DATA EXTRACT –

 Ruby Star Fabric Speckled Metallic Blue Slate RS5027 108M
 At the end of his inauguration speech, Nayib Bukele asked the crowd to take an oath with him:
==
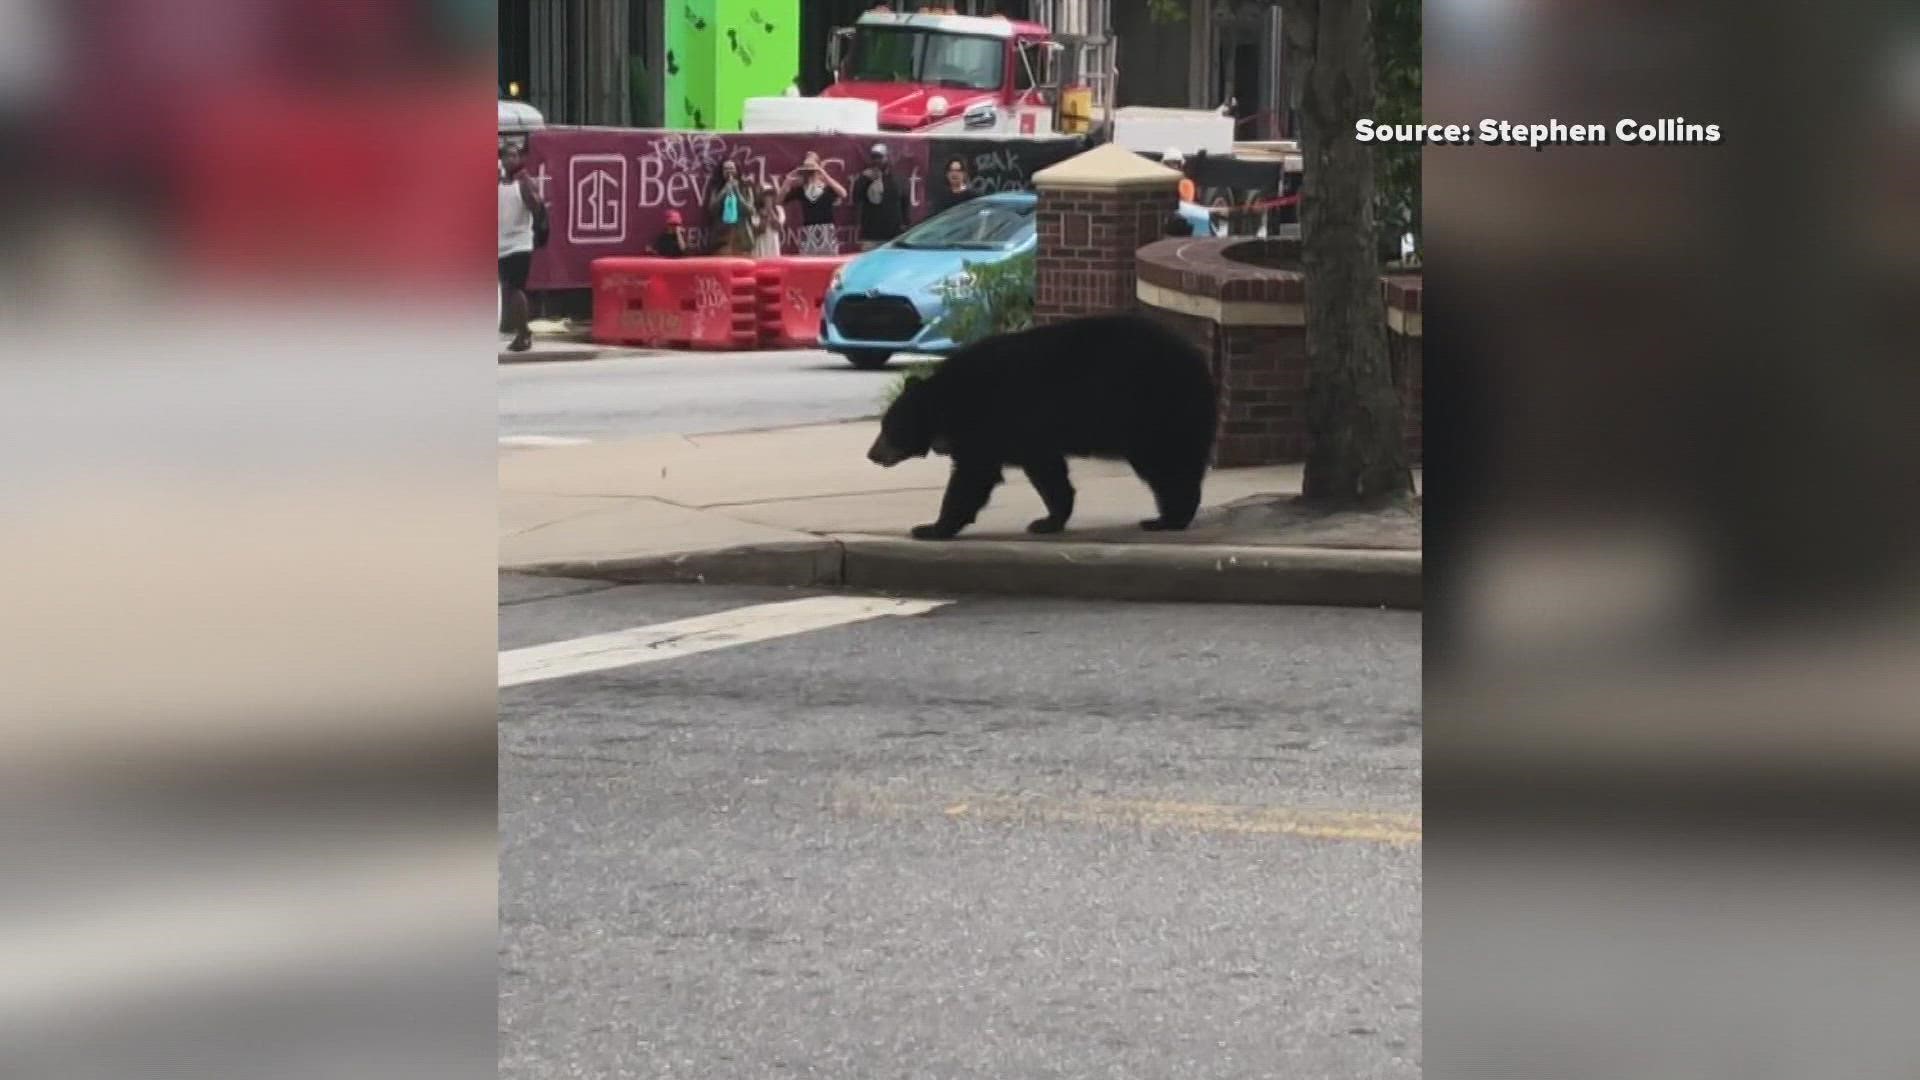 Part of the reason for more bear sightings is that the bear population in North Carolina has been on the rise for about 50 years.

REQUIRED WORK – From the data above, reproduce word for word the lines running from the line with "Ruby Star Fabric" to the line with "At the end of", ends included.

TASK RESPONSE –
 Ruby Star Fabric Speckled Metallic Blue Slate RS5027 108M
 At the end of his inauguration speech, Nayib Bukele asked the crowd to take an oath with him:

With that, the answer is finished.